Researchers identify 10 pesticides toxic to neurons involved in Parkinson’s

Researchers at UCLA Health and Harvard have identified 10 pesticides that significantly damaged neurons involved in the development of Parkinson’s disease, providing new clues about the role of environmental toxins in the disease.

While environmental factors such as exposure to pesticides have long been linked to Parkinson’s disease, it’s more difficult to pinpoint which pesticides may increase the risk of the neurodegenerative disorder. In California alone, the country’s largest agricultural producer and exporter, there are nearly 14,000 pesticide products with more than 1,000 active ingredients registered for use.
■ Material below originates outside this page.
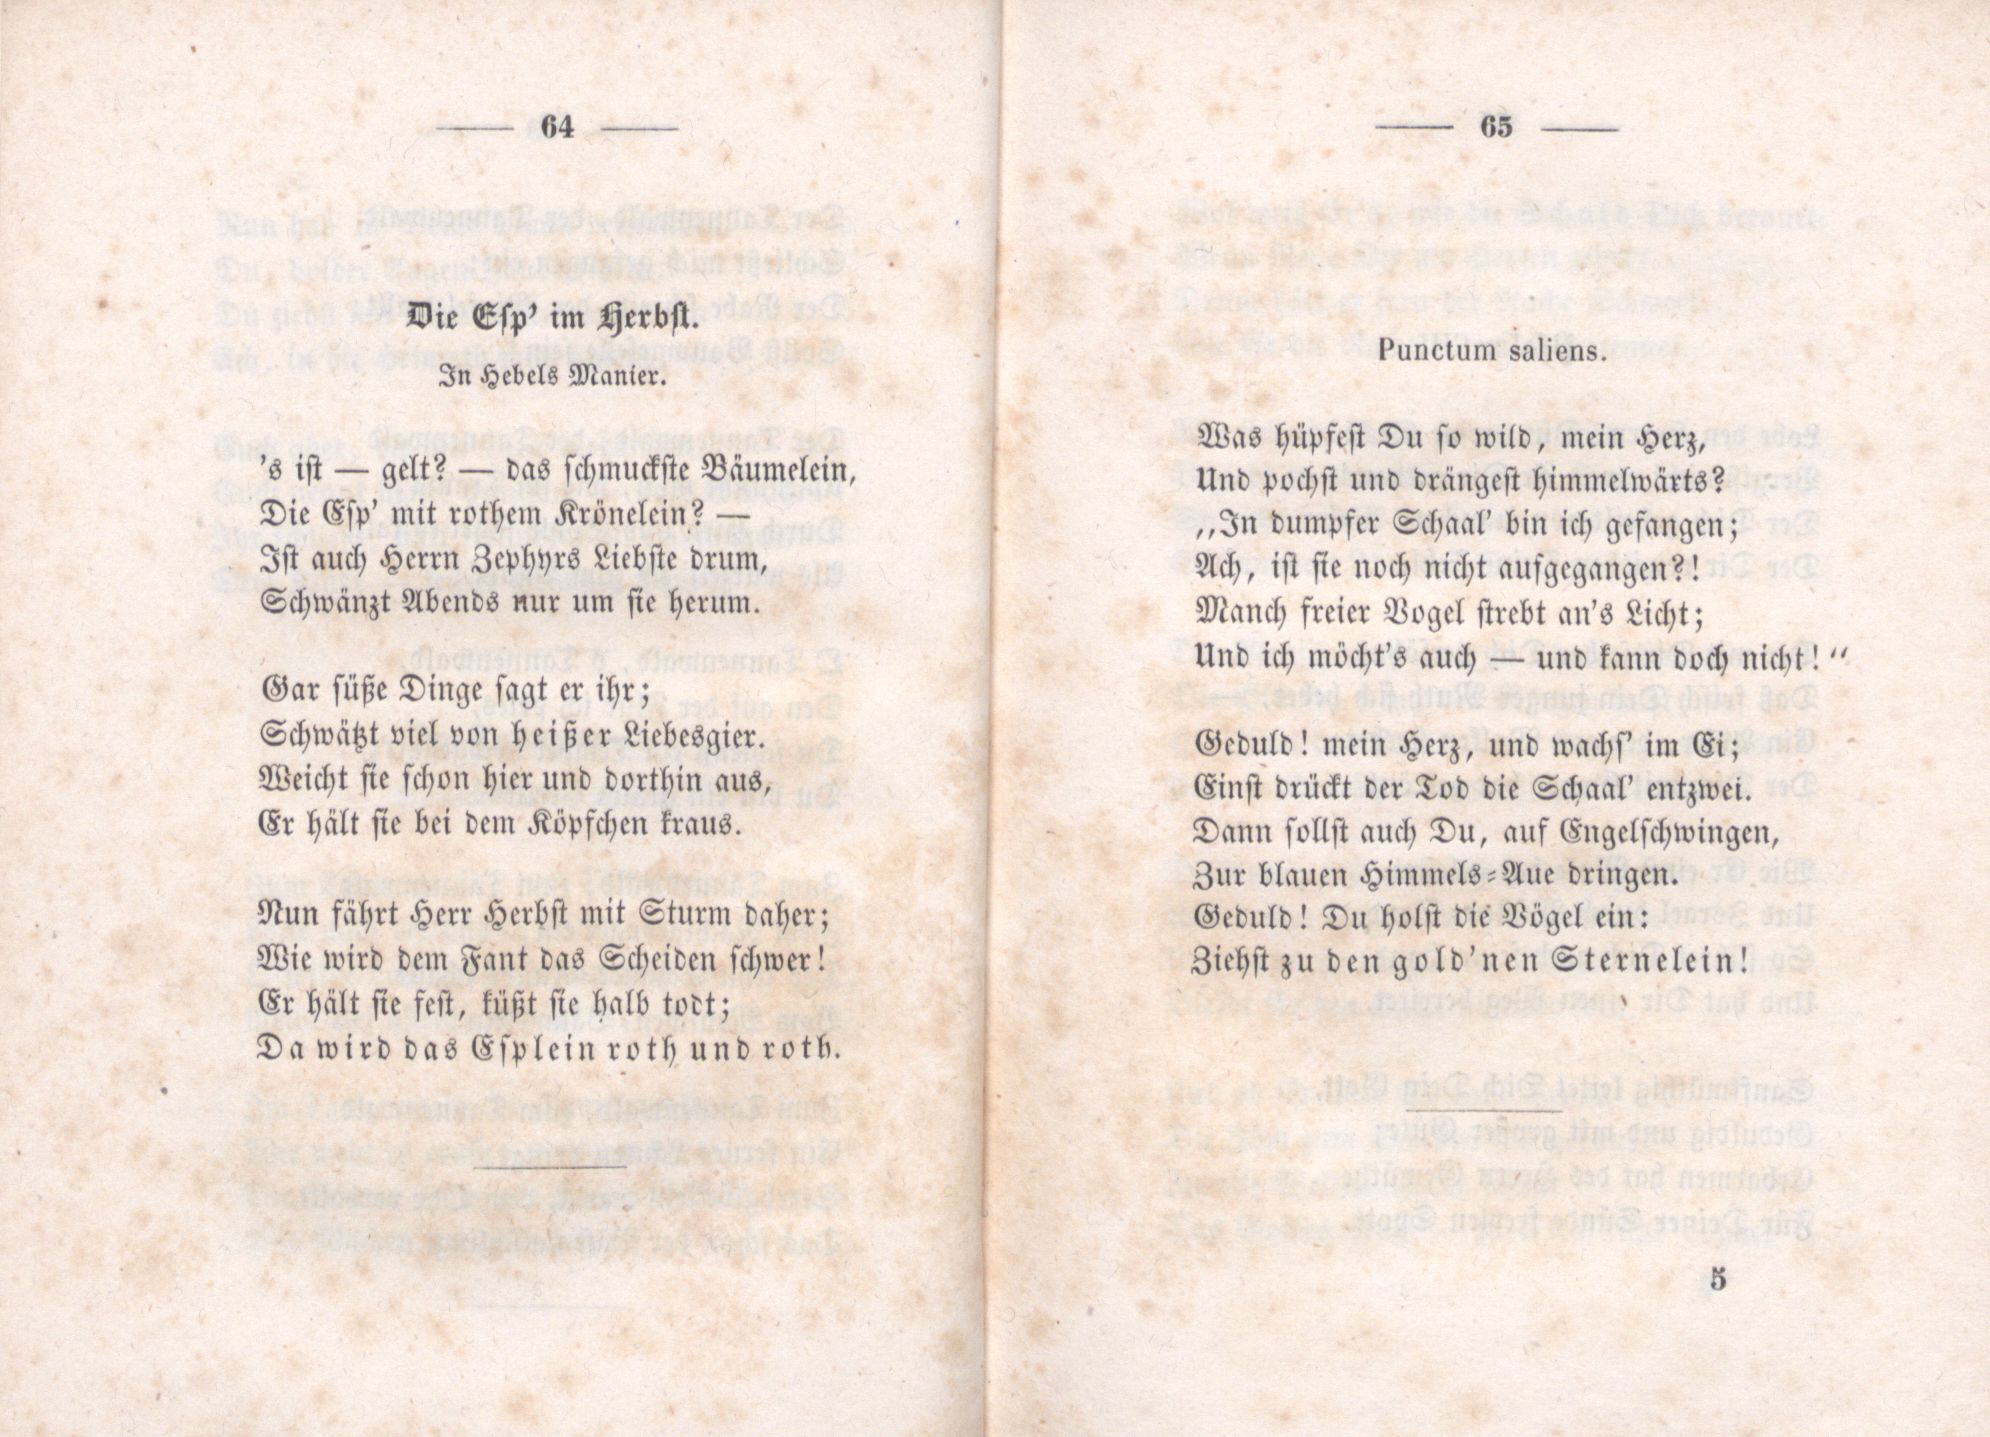 Die Esp' im Herbst (1851) | 1. (64-65) Main body of text

A novel combination of epidemiology and toxicity screening that leveraged California’s extensive pesticide use database allowed researchers at UCLA and Harvard to identify 10 pesticides that were directly toxic to dopaminergic neurons. The neurons play a key role in voluntary movement and the death of these neurons is a hallmark of Parkinson’s.

Furthermore, the researchers found that simultaneous exposure of pesticides typically used in combinations in cotton farming was more toxic than a single pesticide in that group.

For this study, published May 16 in Nature communicationUCLA researchers examined decades of exposure history for 288 pesticides among Central Valley Parkinson’s disease patients who had participated in previous studies.

The researchers were able to determine the long-term exposure for each person and then, using what they called a pesticide-wide association analysis, tested each pesticide individually for association with Parkinson’s. From this untargeted screen, researchers identified 53 pesticides that appeared to be involved in Parkinson’s — most of which had not previously been investigated for a possible link and are still in use.

Those results were shared for lab analysis led by Richard Krolewski, MD, Ph.D., a neurology instructor at Harvard and neurologist at Brigham and Women’s Hospital. He tested the toxicity of most of those pesticides in dopaminergic neurons derived from Parkinson’s patients using what are known as induced pluripotent stem cells. Parkinson’s disease.

The 10 pesticides identified as directly toxic to these neurons were: four insecticides (dicofol, endosulfan, naled, propargite), three herbicides (diquat, endothal, trifluralin), and three fungicides (copper sulfate). [basic and pentahydrate] and folpet). Most pesticides are still used in the United States.

Aside from their toxicity in dopaminergic neurons, there is little that unites these pesticides. They have a range of uses, are structurally different, and have no prior toxicity classification.

Researchers also tested the toxicity of multiple pesticides commonly applied in cotton fields around the same time, according to California’s pesticide database. Combinations with trifluralin, one of California’s most commonly used herbicides, produced the most toxicity. Previous research in the Agricultural Health Study, a large pesticide-applied research project, had also linked trifluralin to Parkinson’s disease.

Kimberly Paul, Ph.D., a lead author and assistant professor of neurology at UCLA, said the study showed that their approach can broadly screen for pesticides involved in Parkinson’s and better understand the power of these associations.

“We were able to involve individual agents more than any other study before, and it was done in a completely agnostic way,” Paul said. “When you put this kind of agnostic screening together with a field-to-bench paradigm, you can pinpoint pesticides that look like they’re pretty important in the disease.”

The researchers next plan to study epigenetic and metabolomic features associated with exposure using integrative omics to help describe which biological pathways are disrupted in Parkinson’s patients who have experienced pesticide exposure. More detailed mechanistic studies of the specific neuronal processes affected by pesticides such as trifluralin and copper are also underway in the Harvard/Brigham and Women’s labs.

The lab work focuses on different effects on dopamine neurons and cortical neurons, which are important for movement and cognitive symptoms in Parkinson’s patients, respectively. The basic science is also expanding to studies of pesticides on non-neuronal cells in the brain – the glia – to better understand how pesticides affect the function of these critical cells.